This is RL in its purest form:
Try something → observe outcome → update policy → try again.
What It Looks Like in Practice
The coolest part is how visible the learning is.
Episodes 1–5: Chaos
- legs out of sync
- wobbling
- barely moving forward
Episodes 6–15: Patterns emerge
- some gaits look “almost right”
- wobble decreases
- forward motion becomes consistent
Episodes 20–40: Optimization
- smoother stride
- better balance
- fewer IMU spikes
Episodes 40+: Confidence
- stable, rhythmic gait
- noticeably faster
- looks intentional rather than mechanical
Watching the PiDog improve is like watching a puppy learn to walk with purpose.

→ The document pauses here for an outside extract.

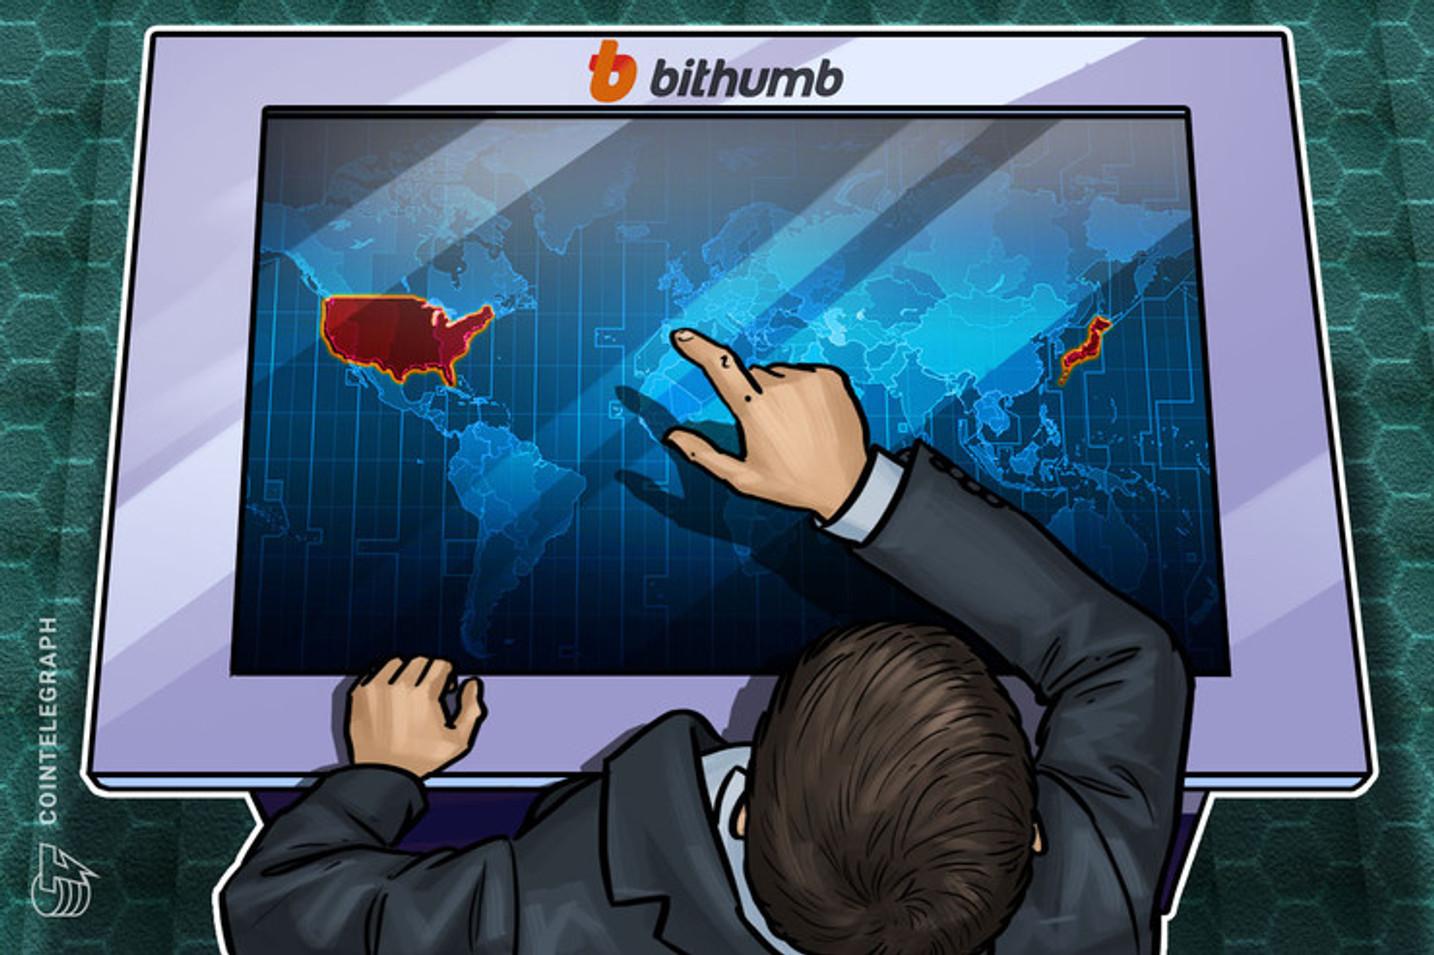 빗썸, 글로벌 디지털 금융 플랫폼 선언… '빗썸패밀리' 브랜드로

Why This Helps Me Learn RL
This project makes me face the real challenges of RL: noisy sensors, delayed rewards, imperfect resets, risky exploration, important reward shaping, safety constraints, and sample efficiency. Textbooks often overlook these, but robots don’t. By tuning gait end-to-end, I memorably reinforce essential RL concepts.
What I’ll Be Building Next
In the next post, I’ll break down:
- the state vector I’m using
- the action space (continuous adjustments)
- the reward function
- the training loop
- How I’m logging IMU + distance data
- How I’m preventing the robot from hurting itself
- How I’m iterating on the policy
I’ll also share the full Python implementation once it’s cleaned up.
Why I’m Sharing This
If you’re learning RL and feeling stuck in the theory, I want to show you that you don’t need a massive GPU cluster to make RL real.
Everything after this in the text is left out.